Марина боится «вспоминать», как Маша боится «подумать». Ее линия в романе начинается с ситуации странной болезни — все углубляющегося провала забвения. Она, как и Марина, до поры отказывается знать о «сказочном» роке в судьбе ее сына. Она «сама отдала» его лесу — ее визит в больницу в этом смысле повторяет на новом уровне ее отказ пойти с ним в пещеру ужасов. Героиня «преступна» не столько действием своим, сколько бездействием. Ее «трансформация» в тело умирающего клошара — очищающий акт приобщения героини к той боли, которой она бежит, за которую не смеет принять ответственность. Воплощение избегания, потери себя. В оставшиеся дни жизни ее нового тела Маша должна успеть вспомнить все, докопавшись до момента личностного слома.

Невротический мотив захваченности враждебными силами, таким образом, постепенно высветляется до покаяния в личной вине. Лес фольклорной, архаической образности пронзает луч позднейшей христианской этики: покайся — и обретешь мир («Убежище 3/9»), за тайное воздастся явно («Резкое похолодание»), примиритесь с недругом до суда («Домосед»). Но что это: эволюция или истощение — пока трудно сказать. Усложнение духовного конфликта избавляет прозу Старобинец от дешевого электричества травматизма, но и в образах иномирия снижает напряжение подлинности.

Художественные результаты повестей «Домосед» и «Резкое похолодание», включенных в последний по времени сборник Старобинец, приходится поэтому расценивать как противоположные.

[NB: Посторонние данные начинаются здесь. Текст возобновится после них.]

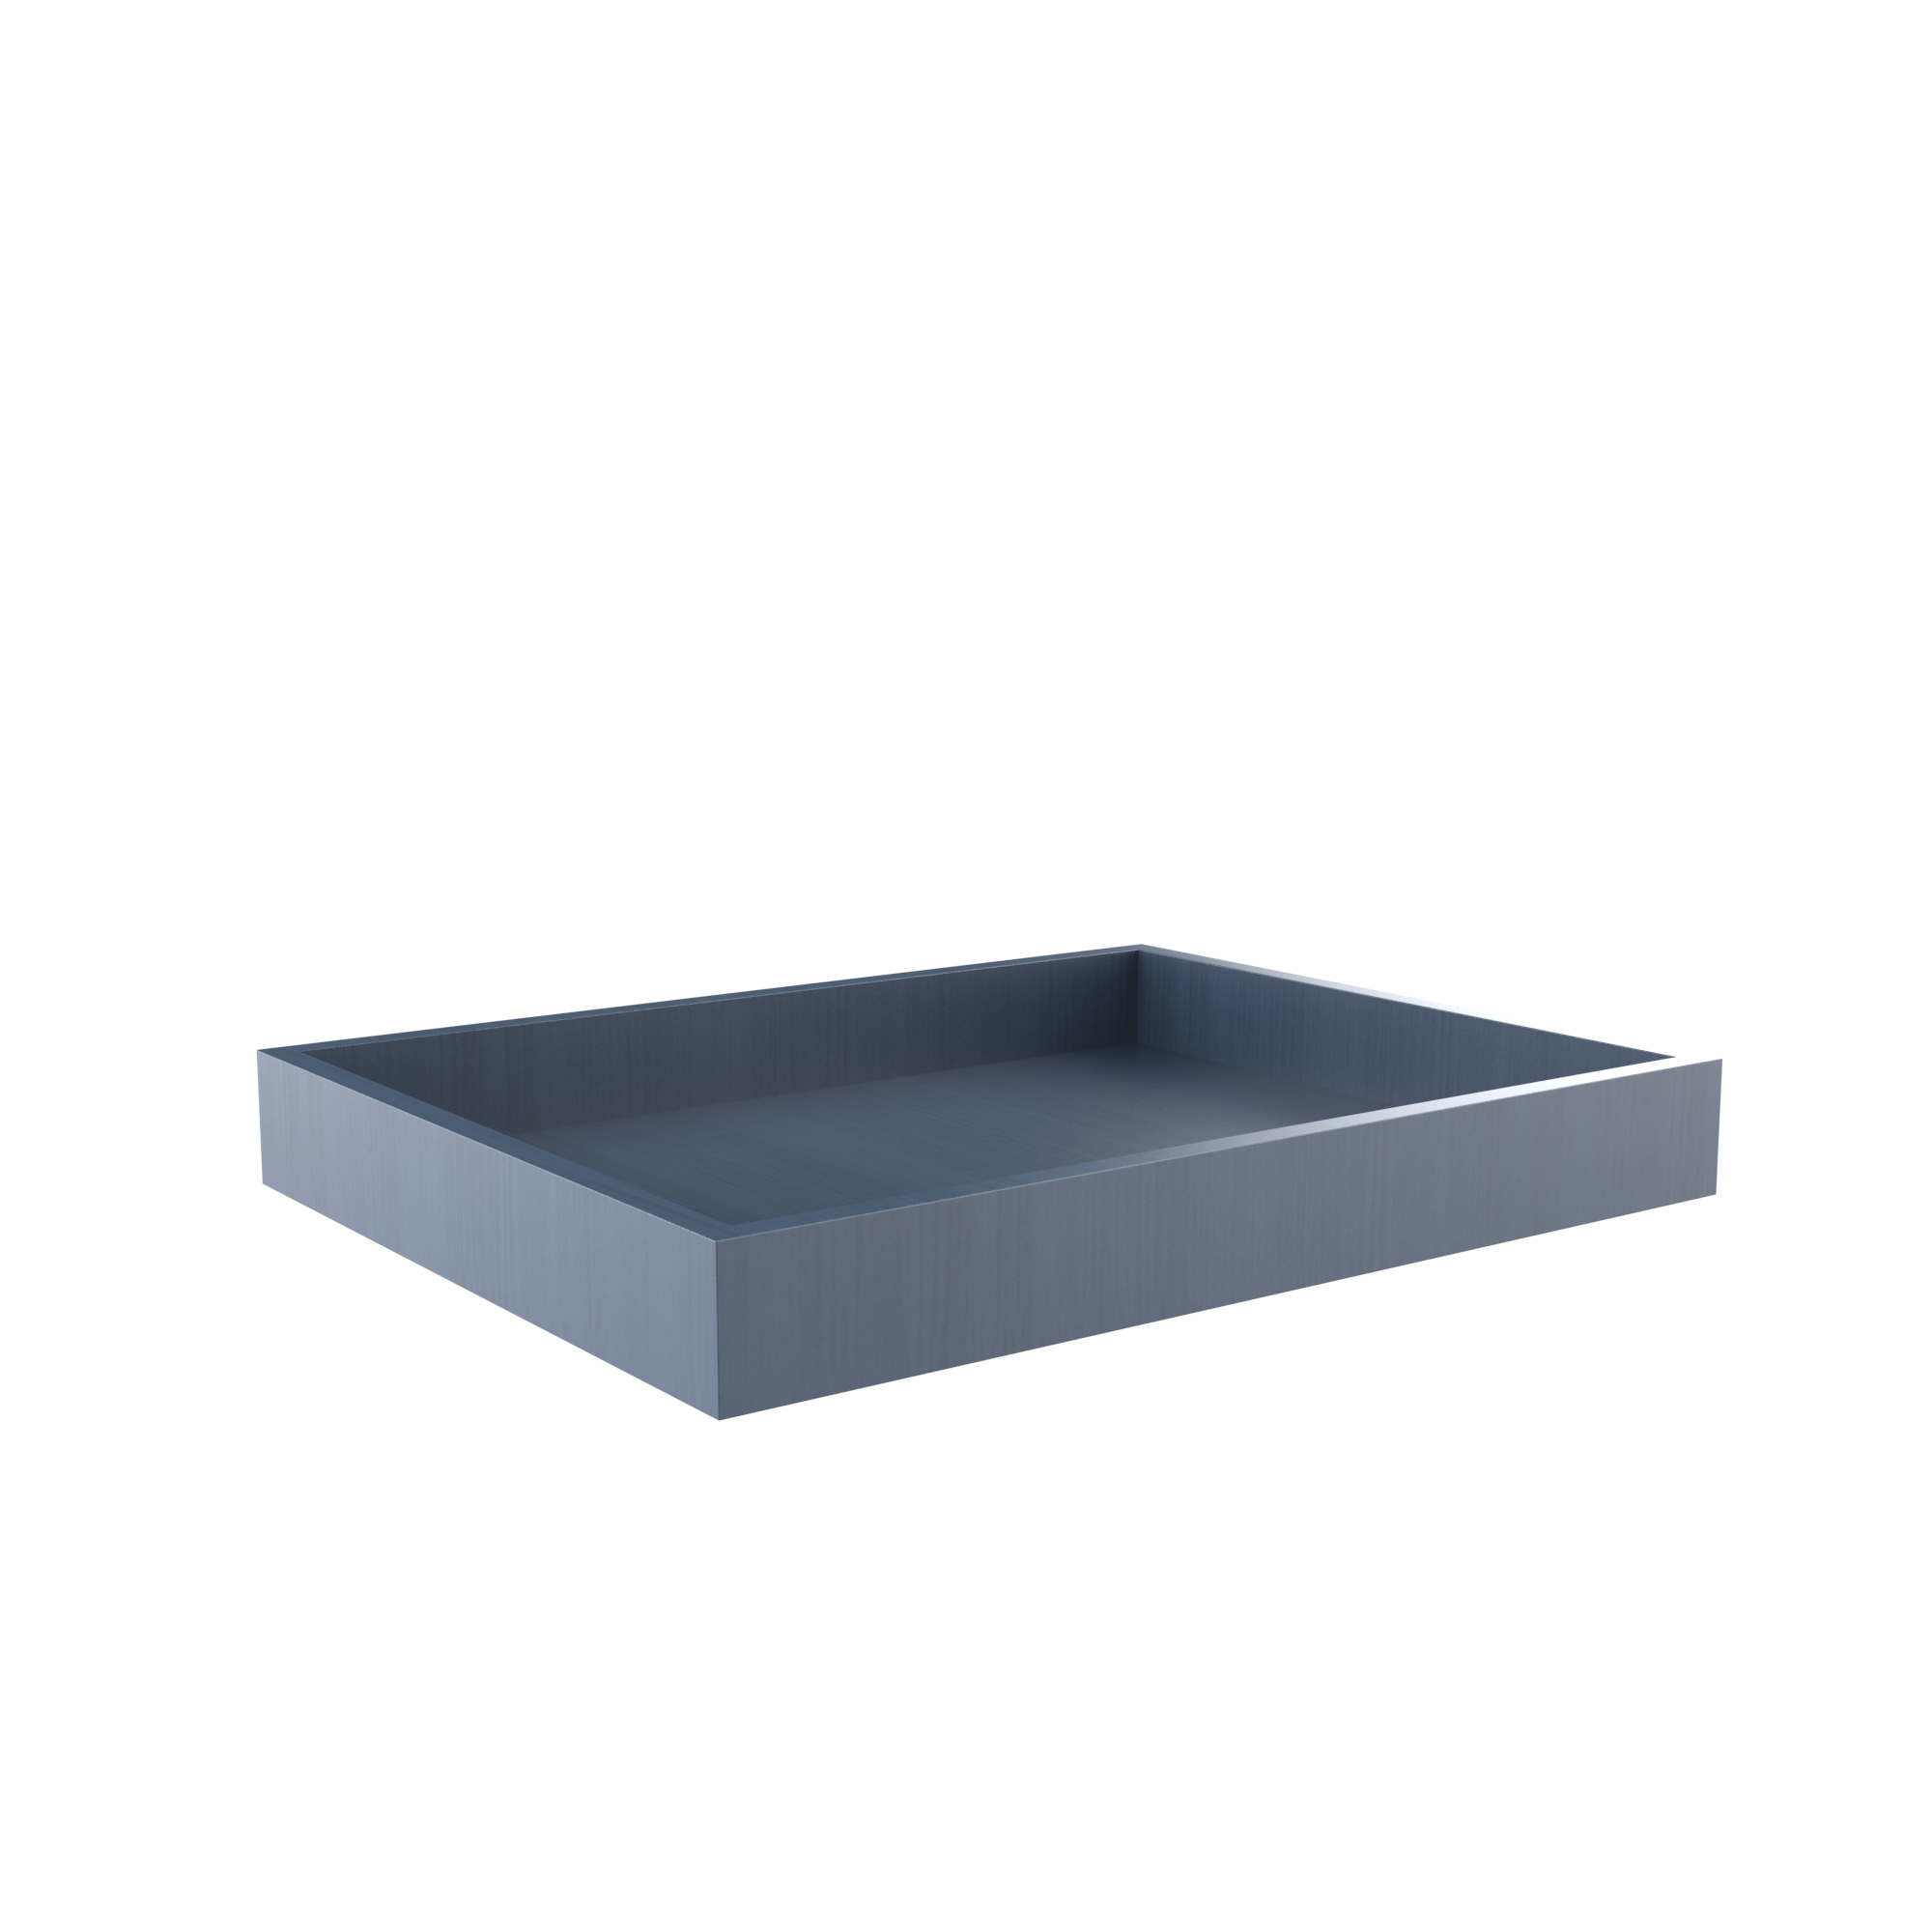 Roll Out Tray for Cabinets - Fits B27 - Blue Shaker Cabinet Cabinet - RTA

«Домосед» — вершина высветления. Повесть многопланово разрабатывает тему беззакония, невротически затронутую Старобинец еще в раннем рассказе «Правила». Убыванию сакрального в человеческой цивилизации (ценностная девальвация показана в истории одной семьи, от старшего советского поколения до новейшей молодежи) соответствует нарастающий ком нарушений в инореальности домовых. Если «Убежище 3/9» праздновало победу архаики, вобравшей в лес весь цивилизованный мир, то «Домосед» оплакивает крушение архаического предания, обличая убывание закона как рок современности. В прозе Старобинец инстанцией закона является иноцарство, в котором исполнение «правил» не потеряло сакральный смысл удержания мира от катастрофы. Духовный сюжет повести совершается поэтому в герое, невообразимом для ранней Старобинец, — «чужом», «нечистом», домовом. Одно за другим совершает он «преступления», разнуздывая себя тем больше, чем ощутимей подсознательный стыд. Герой упускает точку обратимости, когда его покаяние, отказ от своевольного вредительства могли бы остановить инерцию крушения. Финальная сцена пощечины исполнена глубокого трагизма его непрощенной, а значит, непоправимой вины.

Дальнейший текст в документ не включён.